China's major securities companies have high hopes for A shares in 2016 as the government puts forward more supportive policies and the economy continues to stabilize.
The benchmark Shanghai Composite Index fell 0.94 percent to 3,539.18 points on Thursday. The index lost 2.45 percent last week. It took a hit on Monday that it did not recover from despite gains on Tuesday and Wednesday. Mainland stock exchanges were closed on Friday for the New Year's holiday.
The Shenzhen Component Index finished Thursday down 1.75 percent at 12,664.89 points, shedding 2.27 percent for the week.
The CSI 300 Index of the biggest companies traded in Shanghai and Shenzhen fell 0.91 percent to 3,731.00 points, down 2.79 percent for the week.
The ChiNext Index, which tracks the country's NASDAQ-style board for growth enterprises, fell 2.36 percent to 2,714.05 points, finishing the week down 2.89 percent.
Although many investors see the stock markets as volatile, they remain bullish about the prospects of domestic stocks.
Ten major domestic securities companies have made predictions for the Shanghai index in 2016, according to media reports.
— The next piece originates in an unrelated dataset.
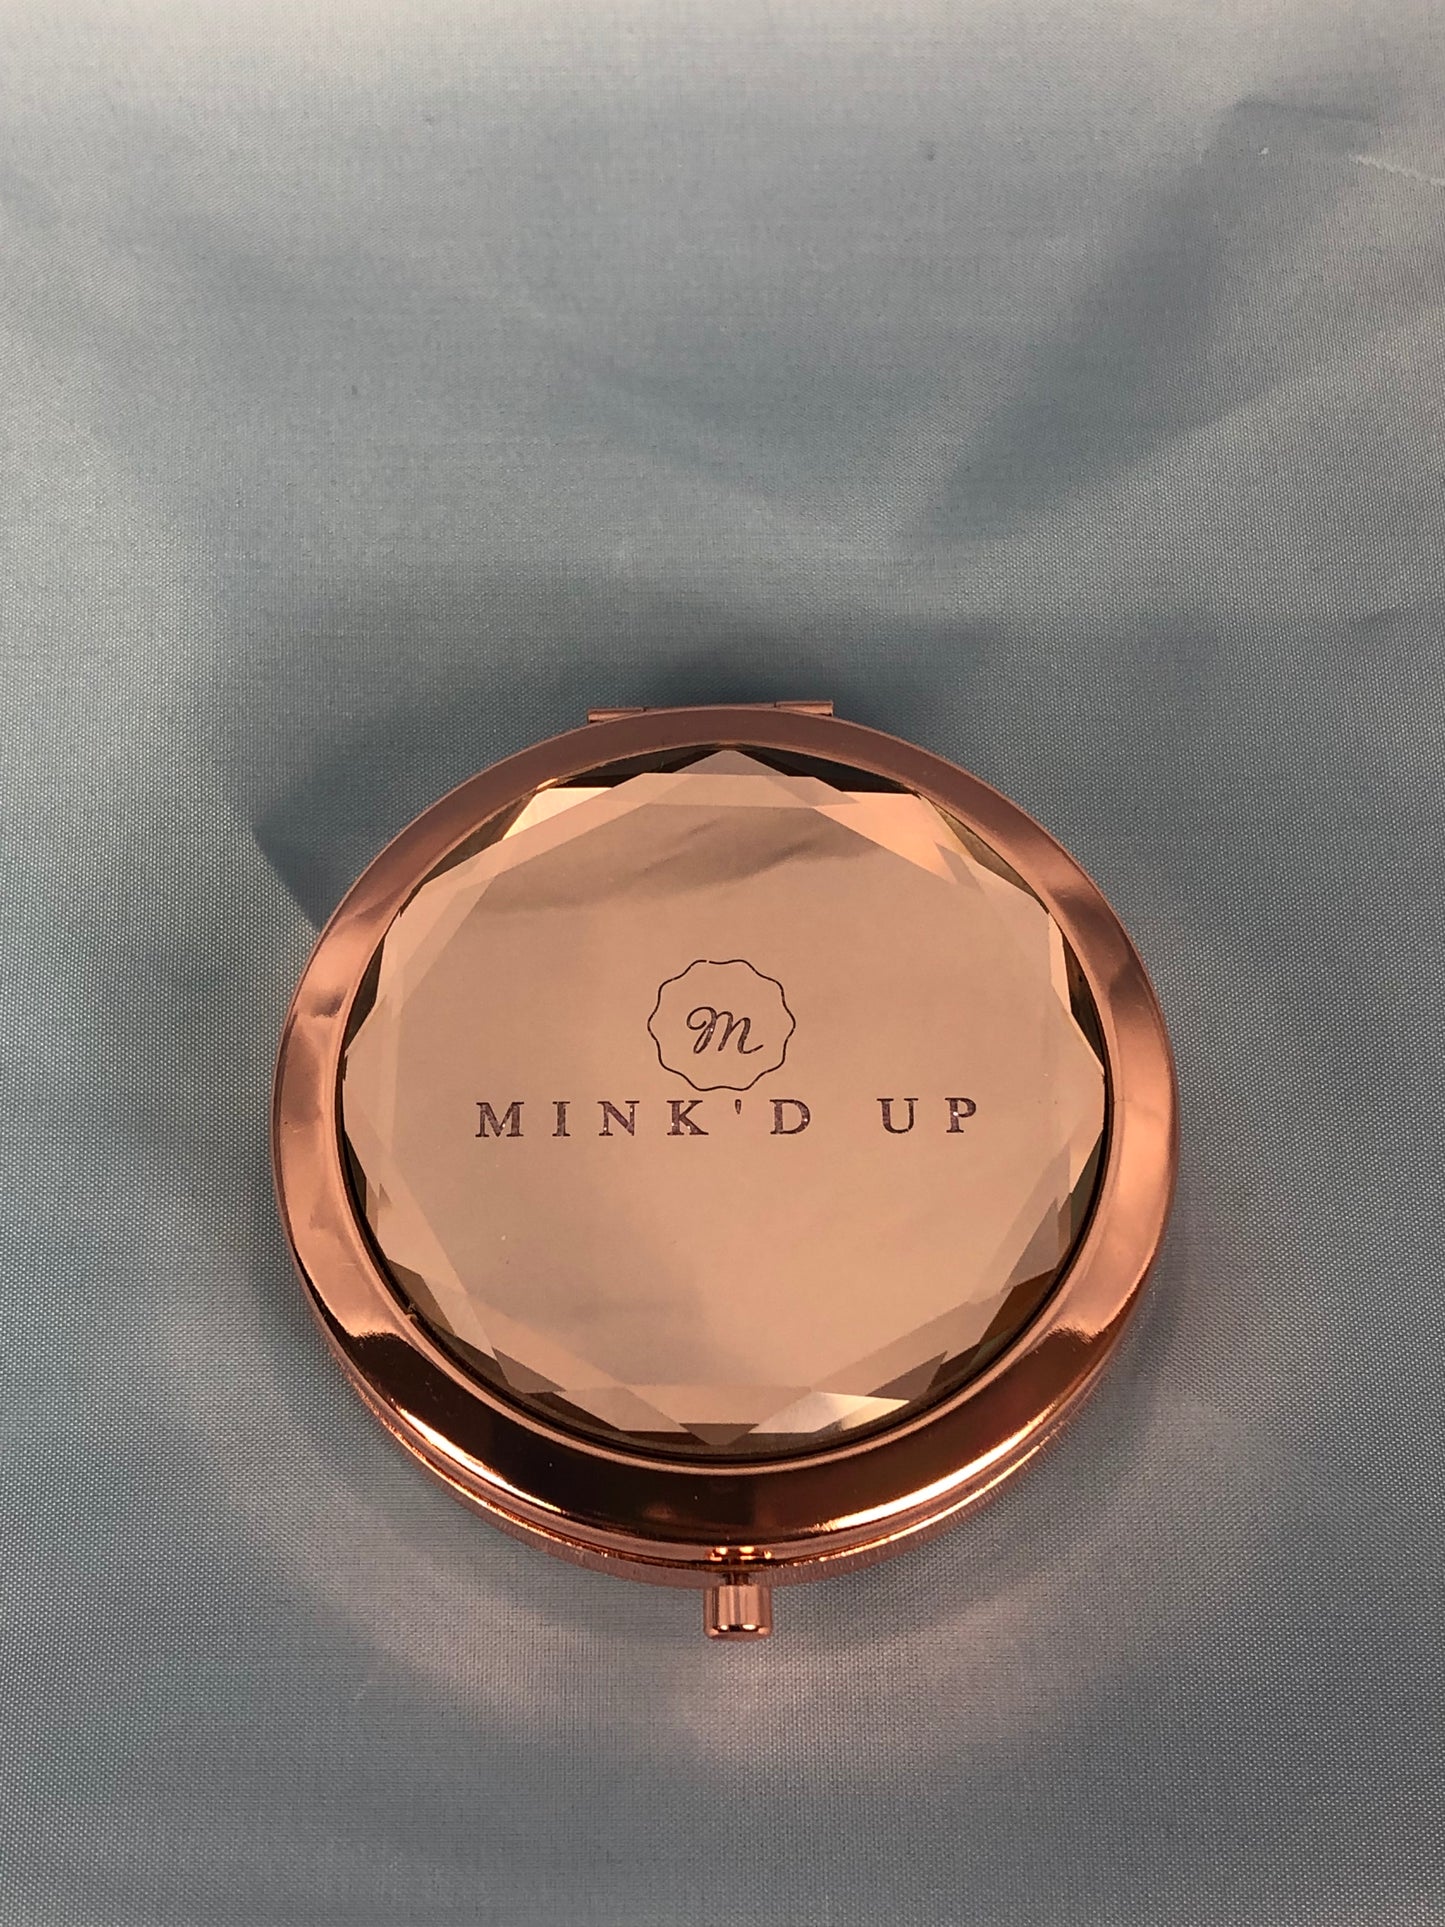 Mink'd Up Glass Eyelash Case&Pocket Mirror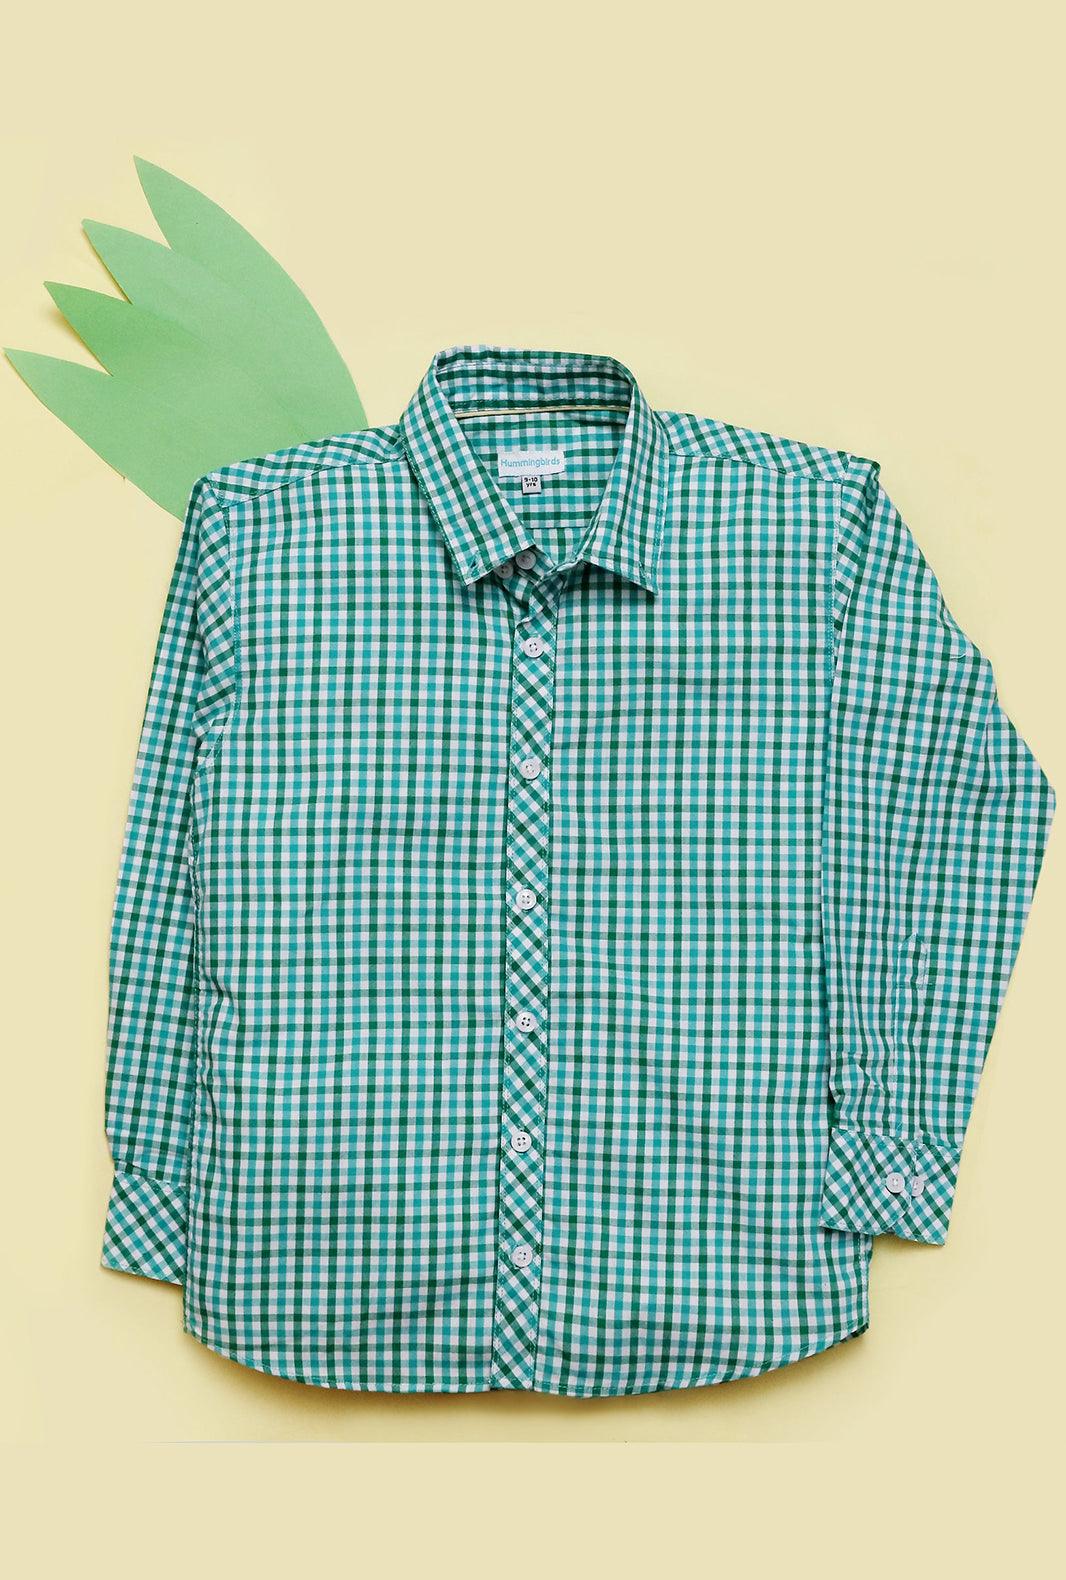 Aqua Checkered Shirt

Of the 10, GF Securities Co gave the most bearish prediction, estimating that the index will fall to 2,890 points by the end of the year. Shenwan Hongyuan Group Co had the most optimistic prediction, putting the index as high as 4,750 points by year's end.
There were several reasons for the general optimism. Because China's economy has shown signs of recovery, they don't believe it will experience a "hard landing" in 2016, Du Shi Kuai Bao reported on Sunday.
Second, they forecast the central government will continue to loosen monetary policy and provide greater policy support for the capital markets as part of its goal to spur direct financing for companies, according to the newspaper.
As for sectors worth investing in, the major securities companies preferred emerging and fast-growing industries to traditional ones.
Many investors also see opportunities in mergers and acquisitions, especially those related to State-owned enterprises.
There were more than 4,600 mergers among Chinese enterprises in 2015, with a total deal value of 2.6 trillion yuan ($399 billion), according to the financial data dealer Wind.
As there are reasons for optimism, many factors also weigh on the market. For example, there is concern that the highly anticipated registration-based IPO system will water down stock prices.
In addition, some worry that stocks could fall with the expiration of the rule requiring senior executives and large shareholders to maintain holdings in their own companies.